Meine Empfehlung fällt insgesamt positiv, aber klar eingegrenzt aus. Wenn du wissen möchtest, wann dein Balkon Sonne bekommt, welcher Gartenbereich am Nachmittag geschützt ist oder welche Straße sich für einen sonnigen Spaziergang eignet, solltest du Shadowmap ausprobieren. Wenn du dagegen nur eine schnelle Regenprognose brauchst, ist eine klassische Wetter-App wahrscheinlich die bessere Wahl. Für mich ist Shadowmap dann stark, wenn Wetter nicht nur eine Zahl, sondern eine Entscheidung über einen konkreten Platz ist.
Vorteile
- Präzise Sonnen- und Schattenverläufe für viele Orte weltweit
- Nützlich für Fotografie
- Architektur
- Gartenplanung und Outdoor-Aktivitäten
- Kartenansicht macht Schattenwürfe schnell und verständlich sichtbar
- Unterstützt die Planung zu verschiedenen Tages- und Jahreszeiten
- Übersichtliche Darstellung mit praktischen Standortinformationen
Nachteile
- Viele erweiterte Funktionen sind nur in der Pro-Version verfügbar
- Für genaue Ergebnisse ist eine aktive Internetverbindung hilfreich
- Die Vielzahl an Kartenoptionen wirkt anfangs etwas unübersichtlich
- Hoher Akkuverbrauch bei längerer Nutzung von Standort und Karten
- Nicht jeder Ort bietet gleich detaillierte Geländedaten
FAQ
Was ist Shadowmap: Sonne & Schatten und wofür kann ich die App verwenden?

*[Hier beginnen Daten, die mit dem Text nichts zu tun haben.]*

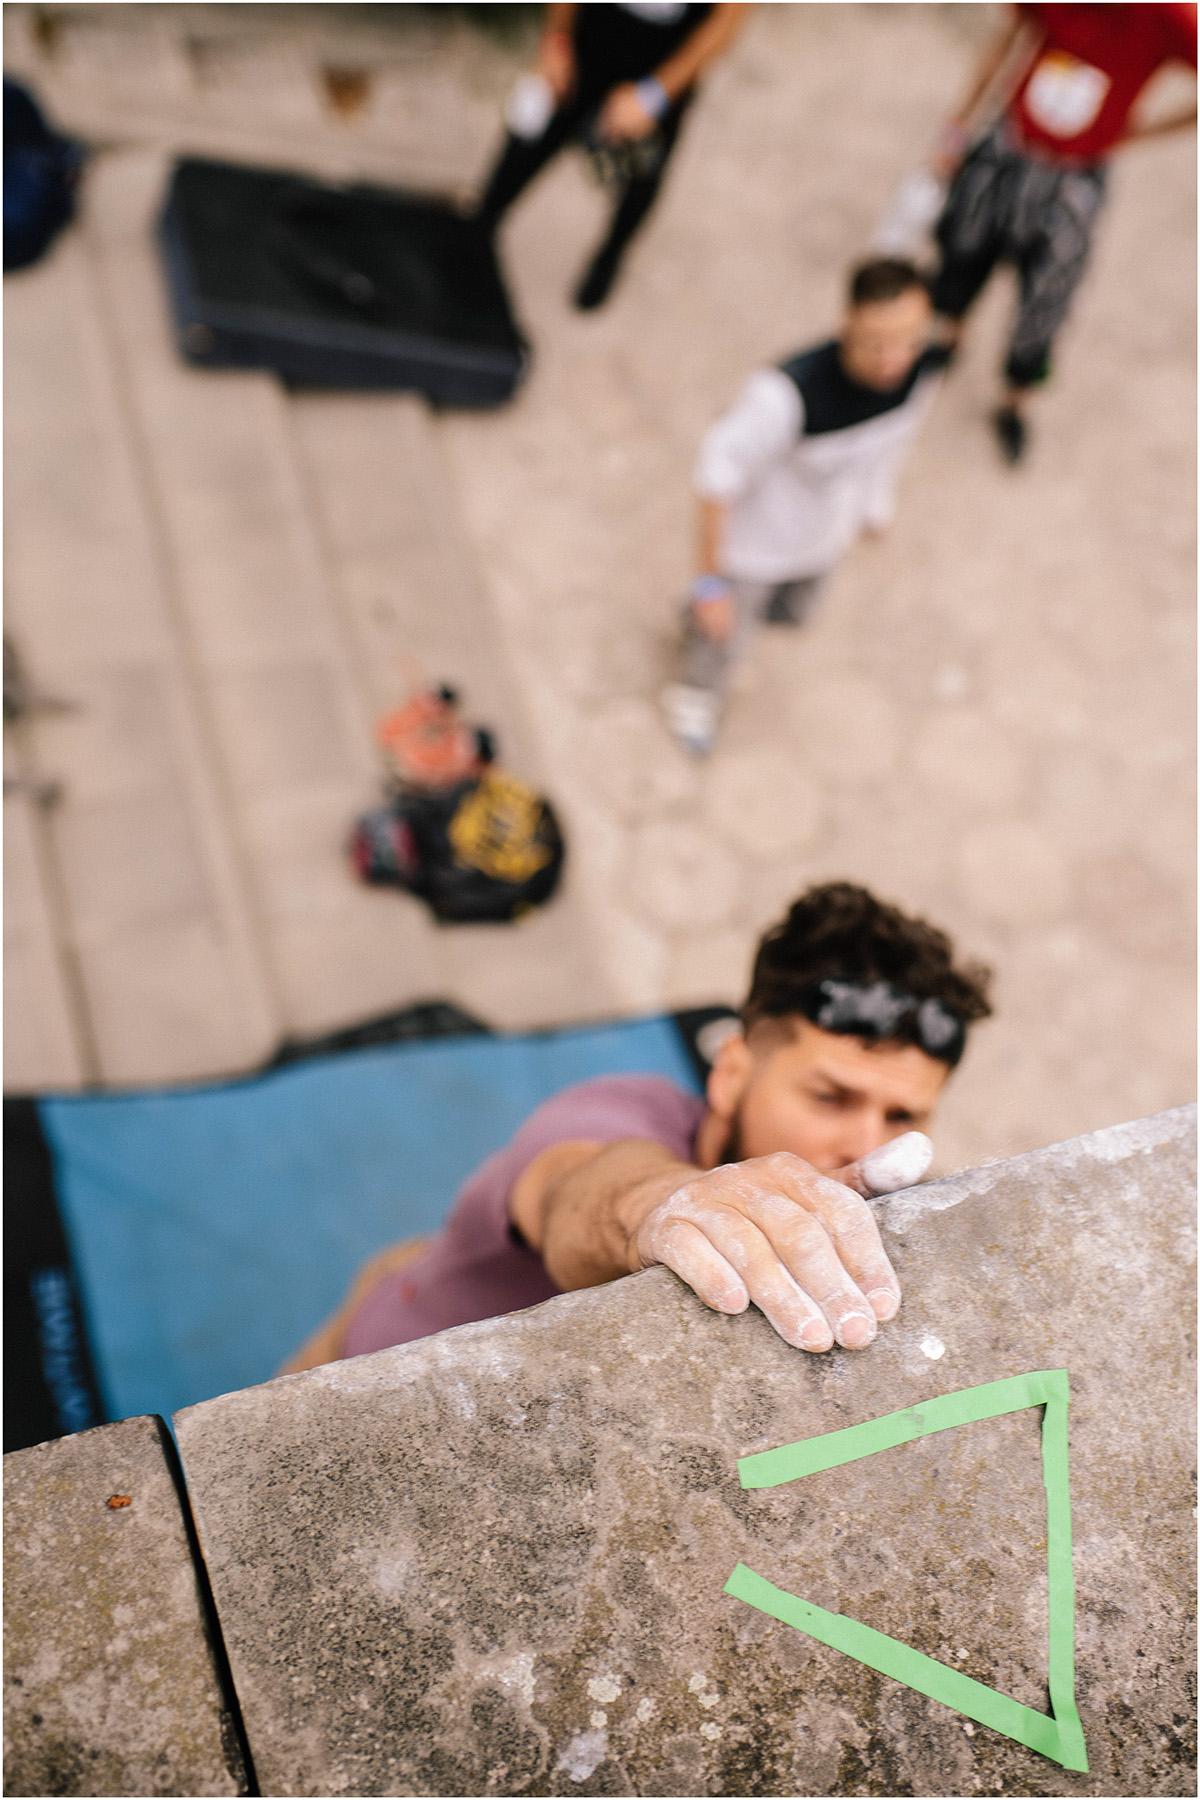 KSF #4 Urban climbing 28

Shadowmap: Sonne & Schatten ist eine Karten-App, mit der sich der Verlauf von Sonne und Schatten an bestimmten Orten nachvollziehen lässt. Nach der Auswahl eines Standorts können Nutzer sehen, aus welcher Richtung die Sonne scheint und wie sich Schatten im Tagesverlauf verändern. Das ist besonders hilfreich für Fotografie, Architektur, Immobilienbesichtigungen, Gartenplanung, Wanderungen oder die Auswahl eines sonnigen Sitzplatzes.

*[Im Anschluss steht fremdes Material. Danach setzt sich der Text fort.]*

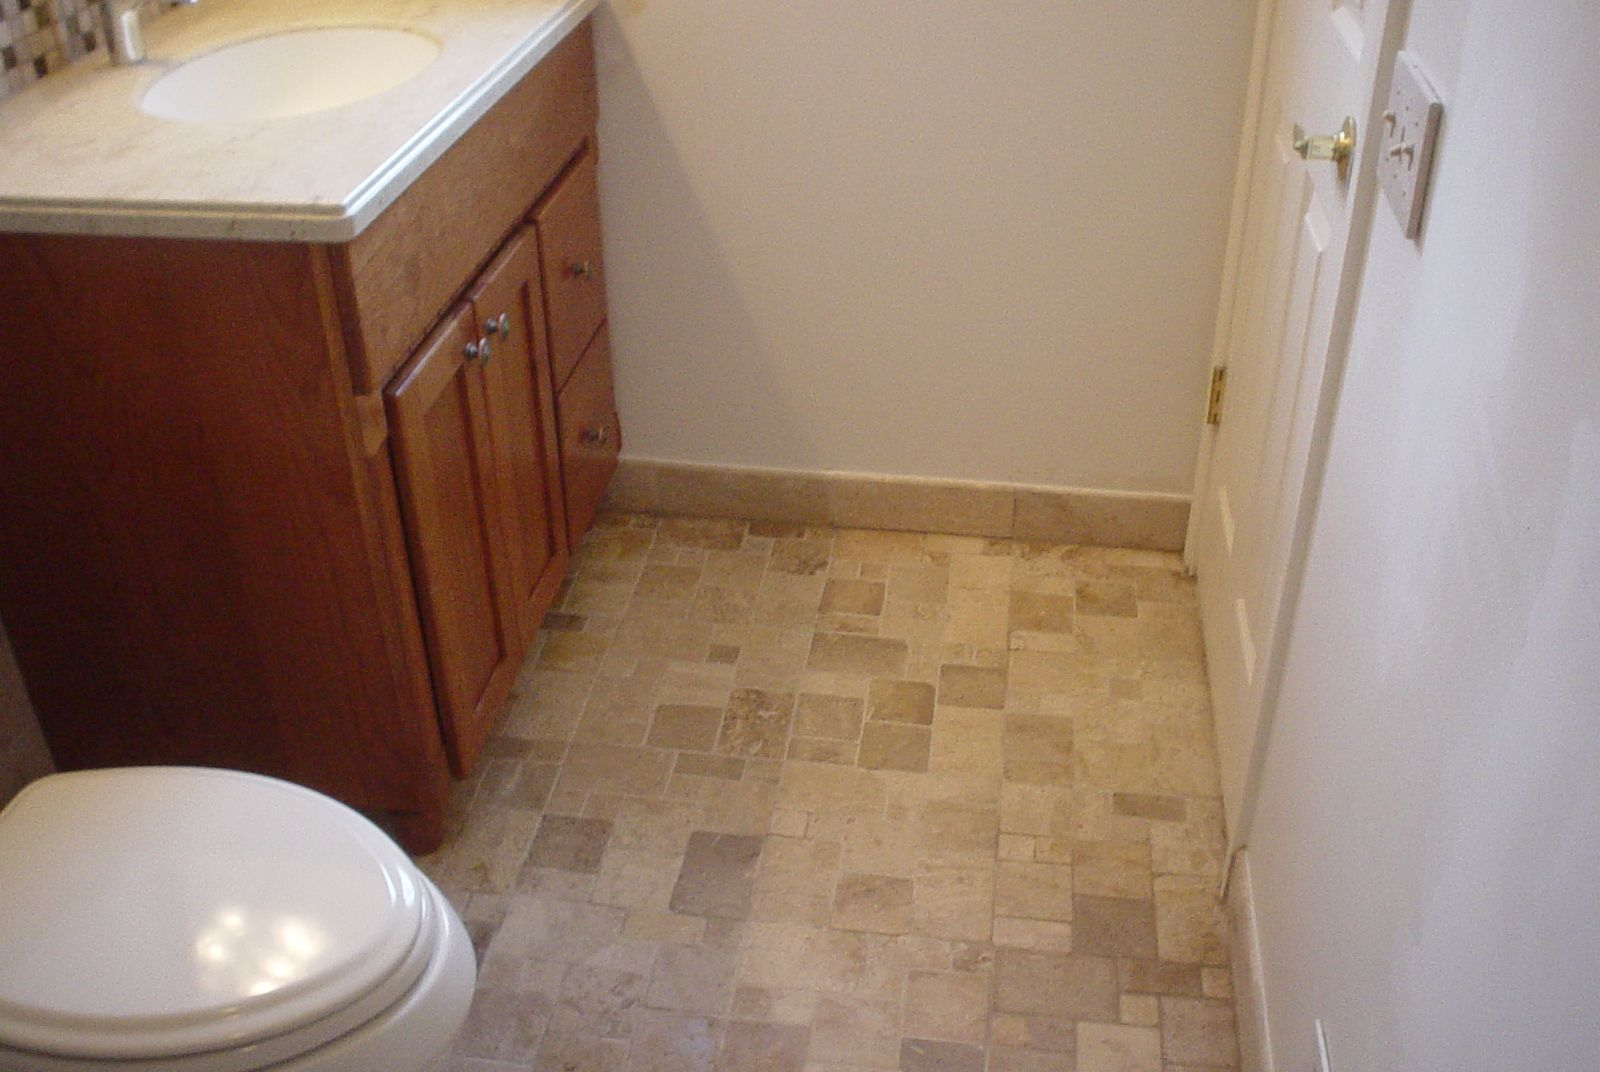 New vanity and new tile floor

Wie genau zeigt Shadowmap den Sonnenstand und die Schatten an?
Die App berechnet Sonnenpositionen und Schatten anhand des gewählten Standorts, des Datums und der Uhrzeit. Je nach Kartenbereich und verfügbaren Höhendaten kann die Darstellung unterschiedlich detailliert ausfallen. Für eine erste Einschätzung ist Shadowmap sehr praktisch, dennoch sollte man die Ergebnisse vor Ort überprüfen, da Gebäude, Bäume, Geländeformen und kurzfristige Wetterbedingungen die tatsächlich wahrgenommene Licht- und Schattenlage beeinflussen können.
Benötigt Shadowmap: Sonne & Schatten eine Internetverbindung oder GPS?
Für Karteninhalte, Standortsuche und bestimmte Funktionen kann eine Internetverbindung erforderlich sein. Die App kann den aktuellen Standort in der Regel über die Standortdienste des Smartphones bestimmen, sofern der Nutzer die entsprechende Berechtigung erteilt. Wer einen Ort manuell sucht oder eine Adresse eingibt, kann die Anwendung auch ohne dauerhaft aktiviertes GPS verwenden. Die verfügbaren Funktionen können je nach Version und Gerät variieren.
Ist Shadowmap kostenlos oder gibt es kostenpflichtige Funktionen?
Shadowmap kann grundsätzlich kostenlos heruntergeladen werden, allerdings können einzelne Werkzeuge, erweiterte Kartendarstellungen oder zusätzliche Analysefunktionen kostenpflichtig sein. Vor dem Start eines Abonnements oder Kaufs sollten Nutzer die Angaben im jeweiligen App Store sorgfältig prüfen. Wichtig sind insbesondere Preis, Abrechnungszeitraum, Testphase und Kündigungsbedingungen, da diese je nach Plattform, Region und aktueller App-Version unterschiedlich ausfallen können.
Für wen lohnt sich der Download von Shadowmap besonders?
Die App ist vor allem für Menschen interessant, die den Einfluss von Sonnenlicht und Schatten besser einschätzen möchten. Fotografen können geeignete Aufnahmezeiten planen, während Käufer und Mieter die Lichtverhältnisse einer Immobilie zu verschiedenen Uhrzeiten prüfen können. Auch für Gartenbesitzer, Camper, Reisende und Outdoor-Fans ist Shadowmap nützlich. Wer lediglich eine einfache Wetter- oder Sonnenaufgangsanzeige sucht, benötigt möglicherweise nicht alle Funktionen der Anwendung.